**** SUPPLIED RECORDS
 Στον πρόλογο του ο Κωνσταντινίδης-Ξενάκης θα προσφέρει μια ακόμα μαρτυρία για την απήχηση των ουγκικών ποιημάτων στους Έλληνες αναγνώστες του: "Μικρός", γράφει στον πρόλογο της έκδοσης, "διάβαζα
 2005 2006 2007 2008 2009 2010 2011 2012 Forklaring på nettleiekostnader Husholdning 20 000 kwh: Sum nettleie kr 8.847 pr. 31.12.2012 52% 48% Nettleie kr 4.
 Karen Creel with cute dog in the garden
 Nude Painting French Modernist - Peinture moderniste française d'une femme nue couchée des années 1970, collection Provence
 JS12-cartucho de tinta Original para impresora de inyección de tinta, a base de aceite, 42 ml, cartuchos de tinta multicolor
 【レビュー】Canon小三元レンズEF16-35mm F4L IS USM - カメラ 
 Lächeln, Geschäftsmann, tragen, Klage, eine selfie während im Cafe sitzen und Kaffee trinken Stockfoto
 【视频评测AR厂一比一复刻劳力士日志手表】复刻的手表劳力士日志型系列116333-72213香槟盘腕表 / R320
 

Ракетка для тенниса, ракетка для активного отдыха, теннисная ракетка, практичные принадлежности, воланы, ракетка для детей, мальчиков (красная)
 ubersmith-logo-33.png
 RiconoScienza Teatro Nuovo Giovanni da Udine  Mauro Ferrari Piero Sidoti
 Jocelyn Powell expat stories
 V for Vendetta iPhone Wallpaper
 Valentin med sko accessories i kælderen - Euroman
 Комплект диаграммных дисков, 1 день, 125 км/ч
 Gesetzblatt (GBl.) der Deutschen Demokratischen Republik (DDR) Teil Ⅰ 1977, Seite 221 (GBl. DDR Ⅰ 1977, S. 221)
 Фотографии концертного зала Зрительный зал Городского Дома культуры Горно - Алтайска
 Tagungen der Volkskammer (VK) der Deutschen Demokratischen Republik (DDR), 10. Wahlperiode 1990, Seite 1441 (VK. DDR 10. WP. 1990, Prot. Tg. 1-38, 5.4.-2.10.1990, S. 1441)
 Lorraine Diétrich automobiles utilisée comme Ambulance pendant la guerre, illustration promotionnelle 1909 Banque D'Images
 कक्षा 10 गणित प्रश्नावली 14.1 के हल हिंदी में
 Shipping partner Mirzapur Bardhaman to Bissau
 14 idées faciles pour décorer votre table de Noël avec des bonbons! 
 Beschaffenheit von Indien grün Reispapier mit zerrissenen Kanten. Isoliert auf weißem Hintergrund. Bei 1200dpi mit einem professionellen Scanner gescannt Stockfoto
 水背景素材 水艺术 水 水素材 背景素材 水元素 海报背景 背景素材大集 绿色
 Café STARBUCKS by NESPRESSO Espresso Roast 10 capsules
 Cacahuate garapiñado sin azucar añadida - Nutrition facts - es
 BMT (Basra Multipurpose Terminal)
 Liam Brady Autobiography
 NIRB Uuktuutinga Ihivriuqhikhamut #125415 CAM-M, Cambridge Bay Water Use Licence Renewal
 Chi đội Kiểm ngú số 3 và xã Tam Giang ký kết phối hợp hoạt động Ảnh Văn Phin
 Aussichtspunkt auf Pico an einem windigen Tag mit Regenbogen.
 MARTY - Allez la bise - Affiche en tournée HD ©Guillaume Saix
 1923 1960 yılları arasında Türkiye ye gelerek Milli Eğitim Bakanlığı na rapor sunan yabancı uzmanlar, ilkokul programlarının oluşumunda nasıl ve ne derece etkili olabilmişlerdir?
********
** TASK DESCRIPTION **
A single number is required: the count of lines in the data that include the string "Demokratischen".

** RESULT **
2